Well, I think I’m finally settling into my groove. It’s difficult to get to know a city when it’s generally too cold out to do much exploring – but now with three weeks in country, I have a pretty basic, but solid, understanding of where things are, how to get to and from (a) AND (b), where to get cheap beer (AND how to ask for it), and – of course – some good restaurants.
The Newbie-Teacher Crew all met up again last night for our now weekly gathering. Somehow I managed to convince them all to brave the taxi-ride and come out to Jinzhou.
There is one restaurant I go to frequently, due mostly because it’s close by and I’ve gotten to know the staff a bit, but also because the food is generally quite good. The one waitress speaks a small amount of English and is always eager to serve me to give it a bit of practice. Last night I think I nearly gave her a heart attack when I entered, with 7 other lao wai in tow.
We did dinner then in an equally interesting exchange, we went to my local beer guy and made his day when we took a case of Tsingtao off his hands. With promises that we’d switch off carrying the 24 large bottles up the 7 flights of stairs to my apartment, we headed upstairs to get a bit liquored (it should be said, Brian and Alan took the case the whole way…).
After clearing through the beer we headed down to a place I had heard about called HOT. It is a nightclub about 10 minutes walk away and was by and by quite cool. We showed the locals that they’re not the only ones that don’t know how to dance (man… aside from the showgirl-like chick in the tube-top, those kids didn’t have a clue what a beat was – and I think the tube-top girl was likely paid to be there… and really scored most her points for just being damn sexy).
Today I slowly woke up, eagerly anticipating the fact that I had been invited to Serena’s (one of my Chinese teachers/teacher assistants) houses to have lunch with her and her mother. Serena is an artist in the art program at one of Dalian’s universities. She showed me photos of her work and DAMN. She’s awesome.
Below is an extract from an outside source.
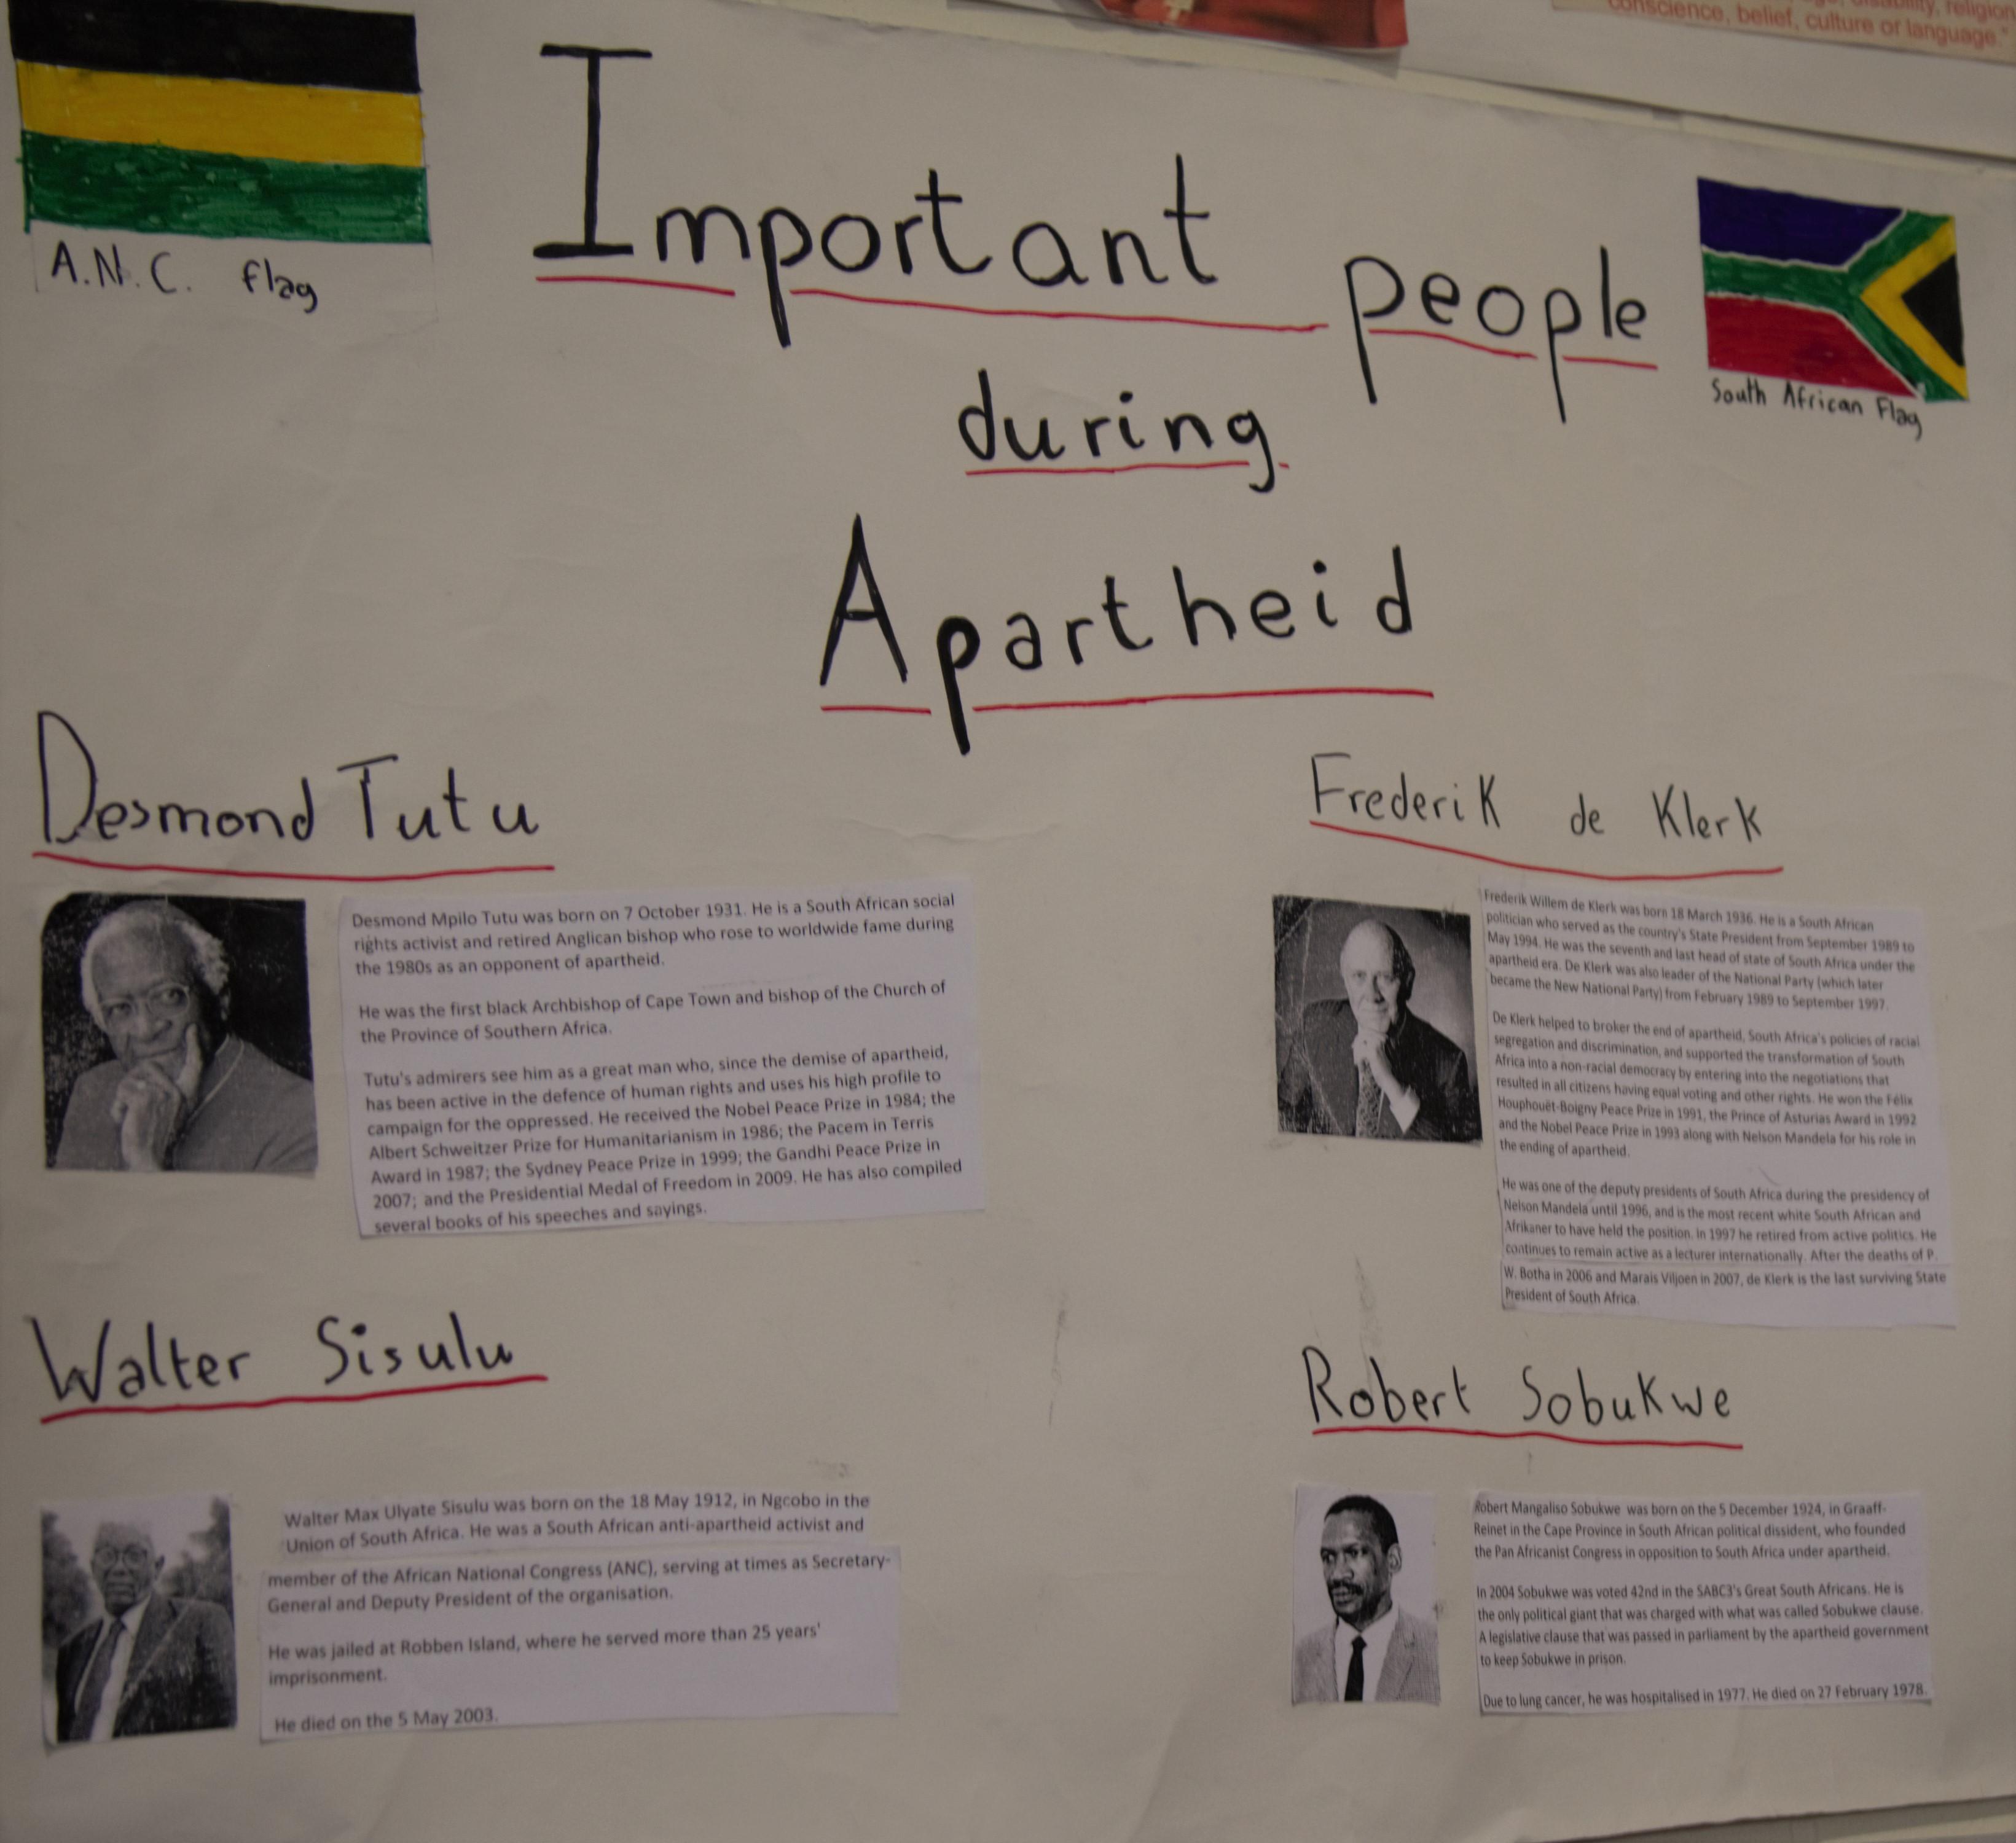 Laws of Apartheid

She also showed me photos of the warmer side of Dalian … as all I’ve seen so far is people bundled in big jackets… but from her photos of the area, I am quite keen on it getting warmer out – there are some amazing places around here, including the largest aquarium in Asia.
Lunch was, in traditional Chinese fashion, dangerously filling. We had delicious dumplings and all sorts of other food. I had been warned about Chinese hospitality, and tried to eat as slowly as possible, but eventually I had to risk offence and state that I couldn’t possibly eat another thing.
Serena and her mom. |
Serena and I (leaning quite a bit, what’s with that?). |
We then watched A World Without Thieves – a quite entertaining Chinese film. It was on VCD, so reading the subtitles was a bit of a challenge – but it was good none the less.
Oh, speaking of Chinese movies… I watched Shi mian mai fu, or “House Of The Flying Daggers”, the other day, and loved it. For those that don’t know, it is the latest movie by Zhang Yimou, the guy that directed Hero. I have to admit, some of my liking of the movie may have to do with the fact that I’m absolutely in love with Zhang Ziyi (she was in Hero, and most notably in Crouching Tiger, Hidden Dragon).
Alright, I think Tom’s nearly done watching the Australian open. I’ve tried quite unsuccessfully to get into tennis, but I just can’t do it. So, time to make some noodles and see if I can’t get through the better part of my new Aviator DVD… have I mentioned DVDs here are only $1 to buy… it’s hard to not just go buy a bunch of DVDs every other day… so hard in fact, that that is exactly what I do.
Oh, did anyone notice that there was a comment in the last post from a certain person from my past – quite cool. I’d like it to be noted that a girl that has (on more than one occasion) stated that she would never talk to me again has now officially had more contact with me since I left Canada than some of my best friends… hint hint.